[Exercise inputs Boundary: Start]

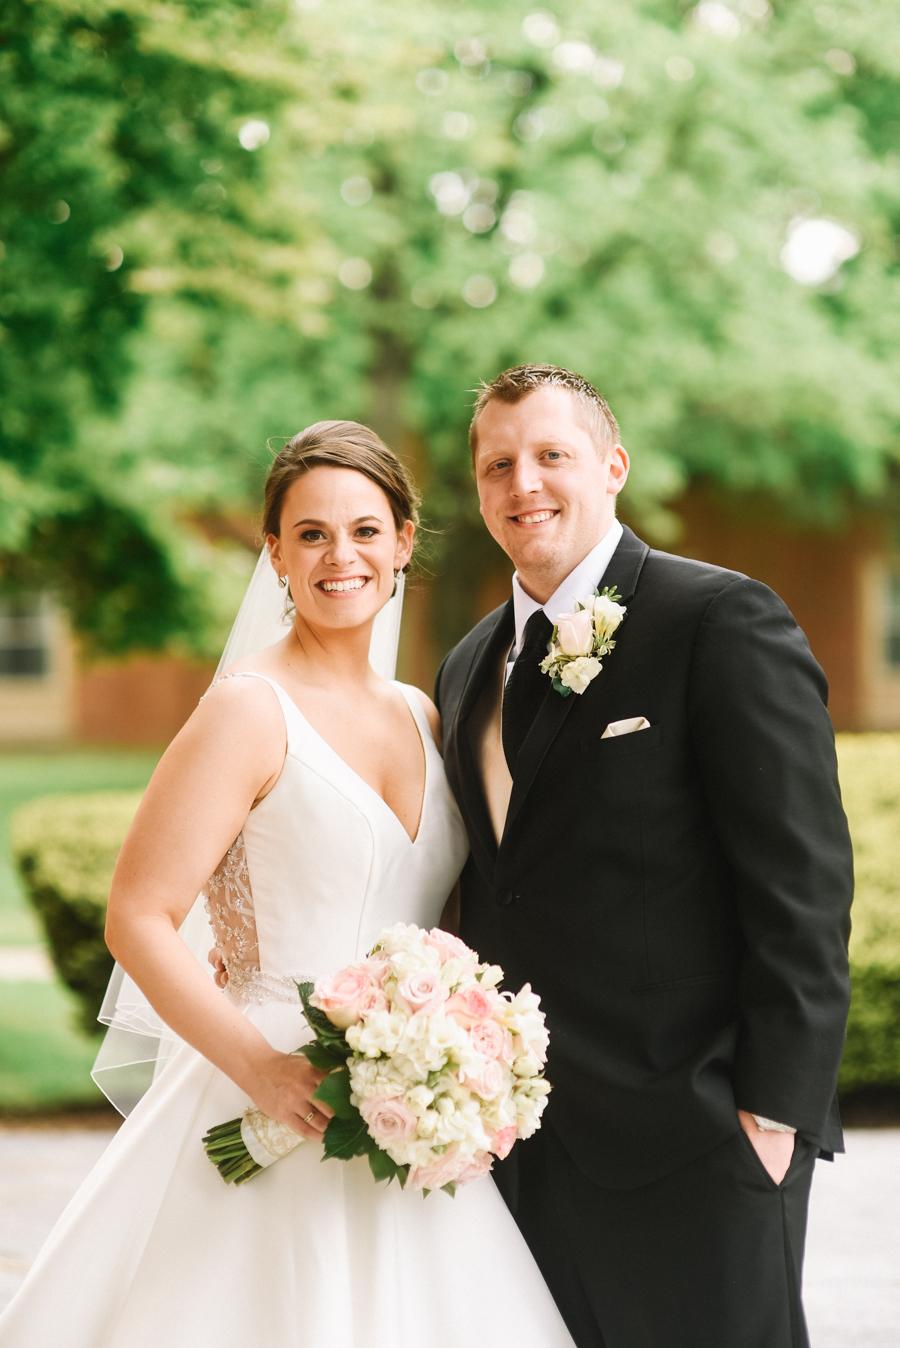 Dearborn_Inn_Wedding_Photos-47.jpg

[Exercise inputs Boundary: End]
[Exercise inputs Boundary: Start]

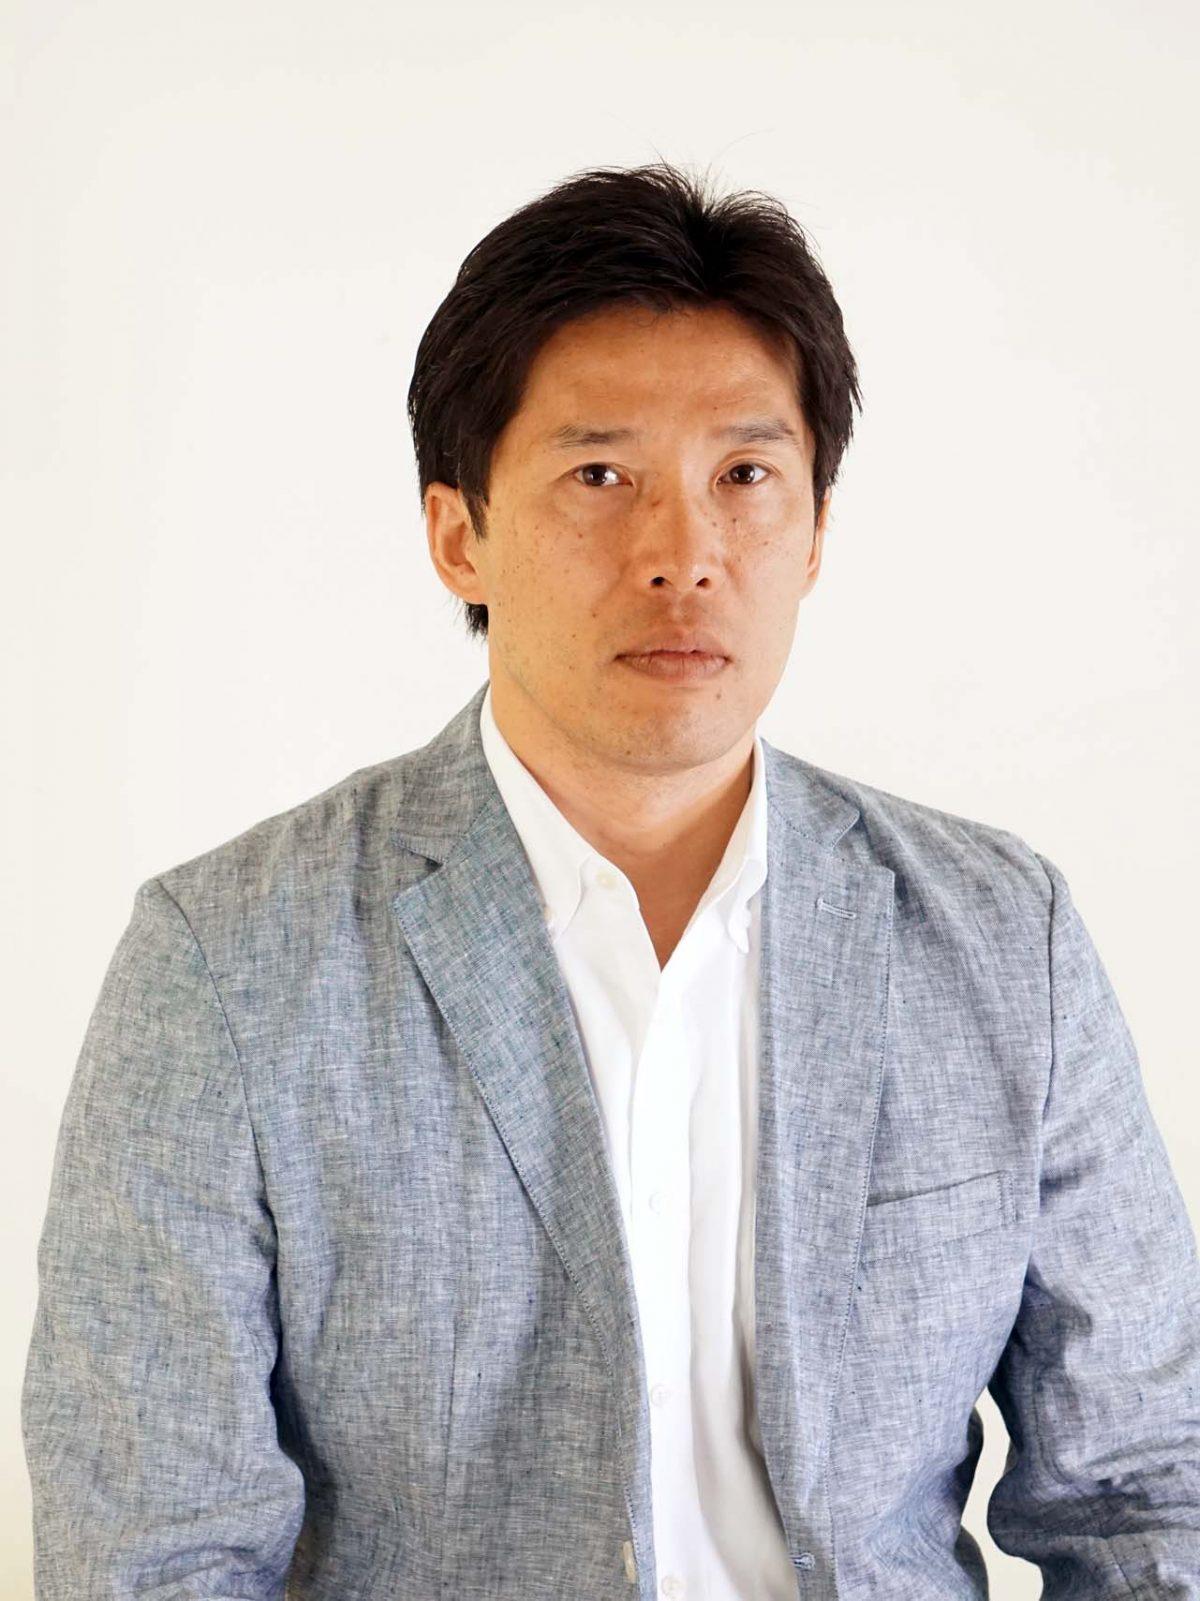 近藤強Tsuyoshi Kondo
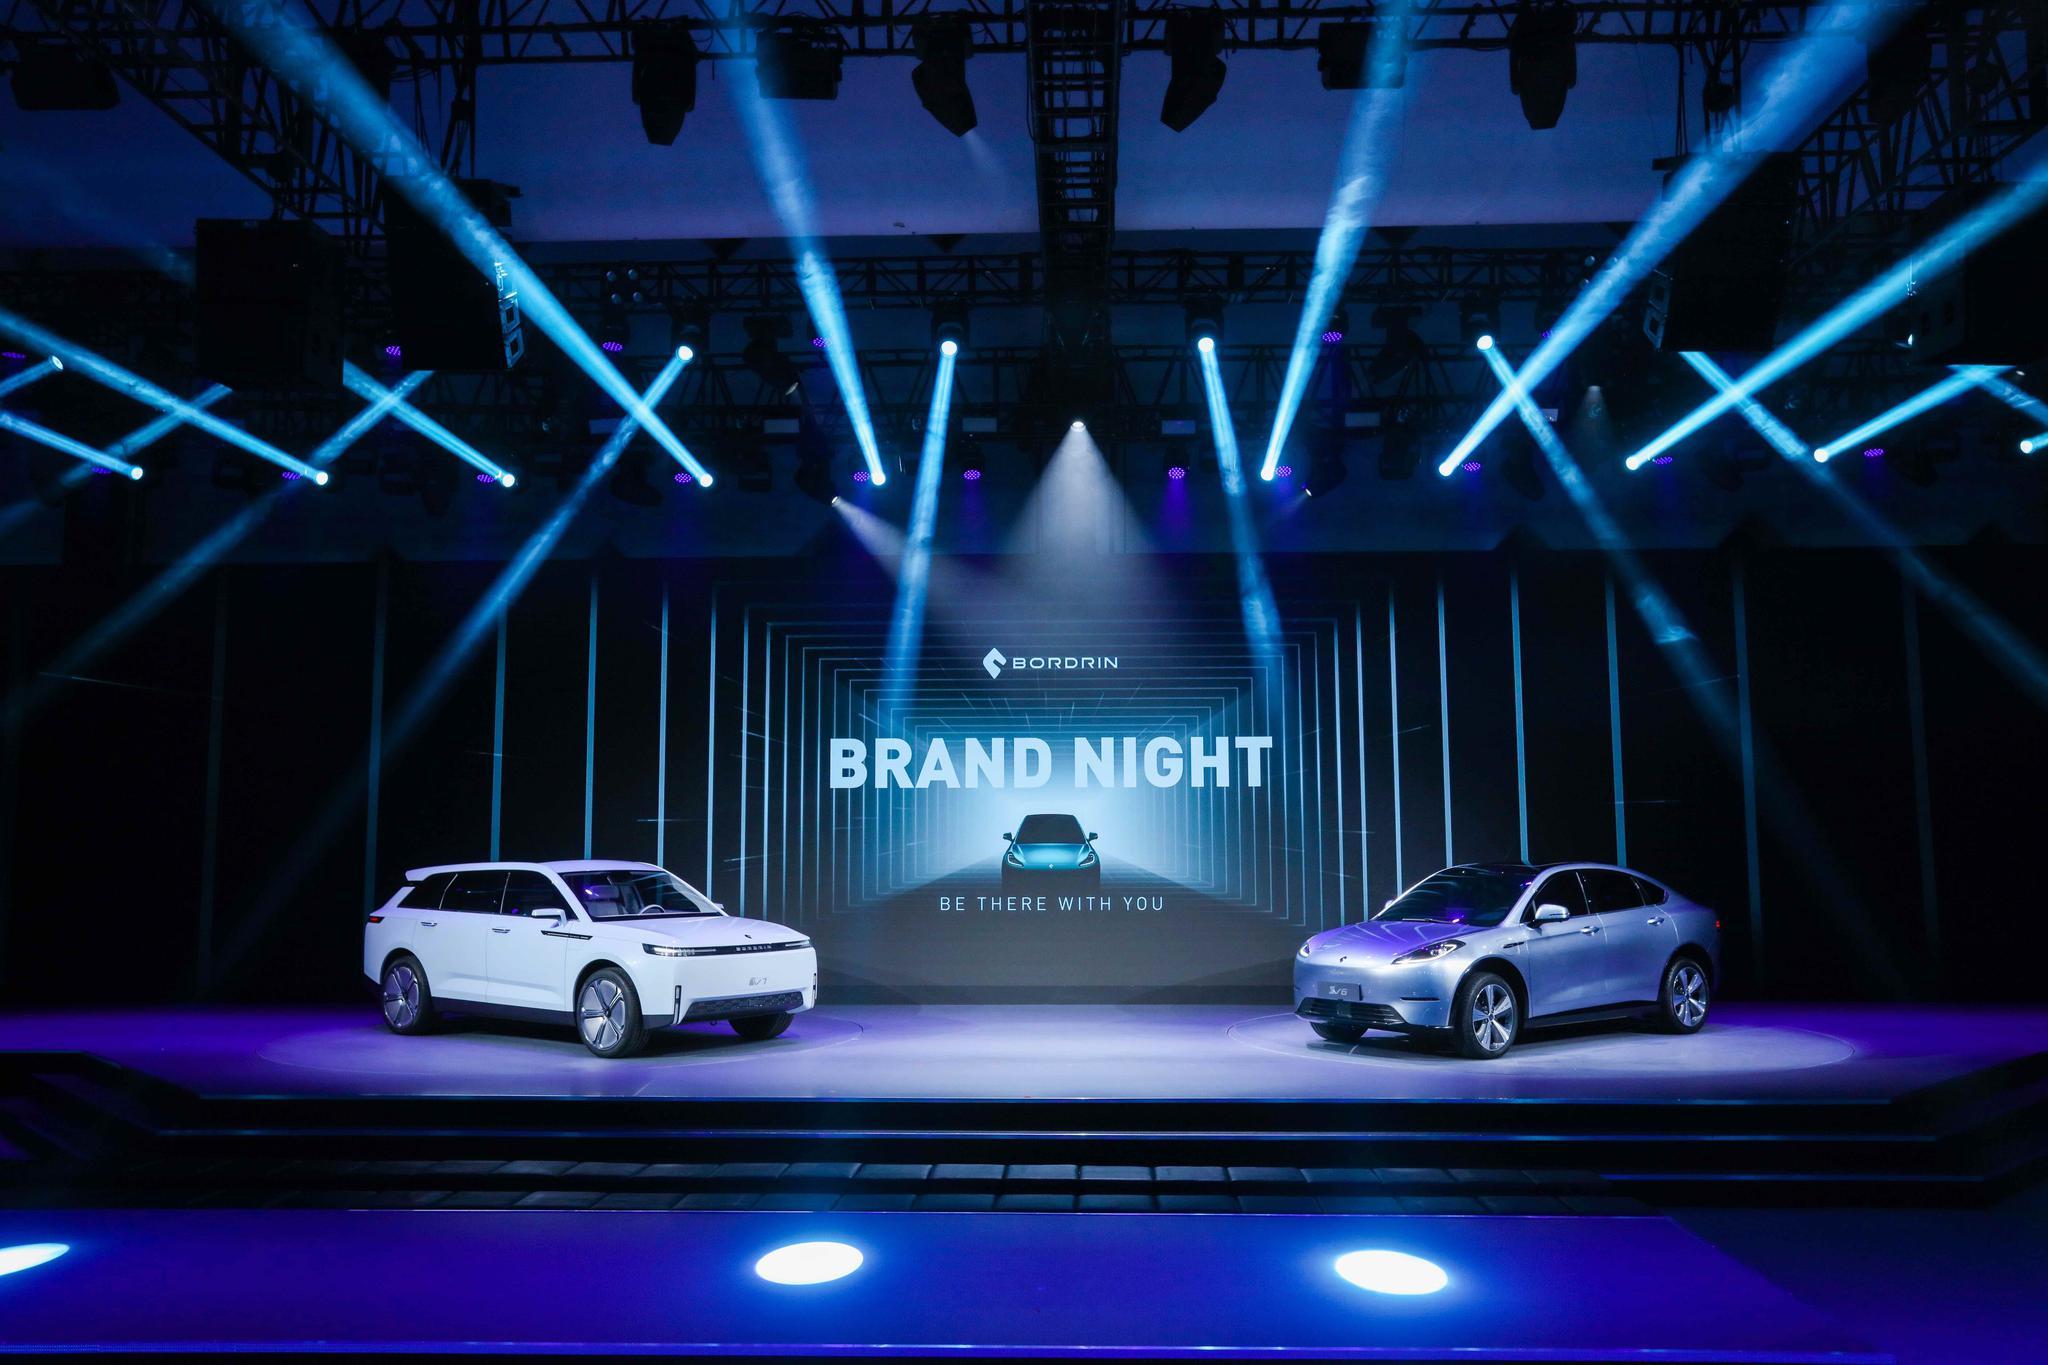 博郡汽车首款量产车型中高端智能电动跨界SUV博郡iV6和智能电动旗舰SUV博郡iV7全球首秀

[Exercise inputs Boundary: End]

## Prompt
Transcribe, exactly and without pictures, everything in the data from the line with "近藤強Tsuyoshi Kondo" down to the line with "博郡汽车首款量产车型中高端智", both included.

## Answer below
 近藤強Tsuyoshi Kondo
 博郡汽车首款量产车型中高端智能电动跨界SUV博郡iV6和智能电动旗舰SUV博郡iV7全球首秀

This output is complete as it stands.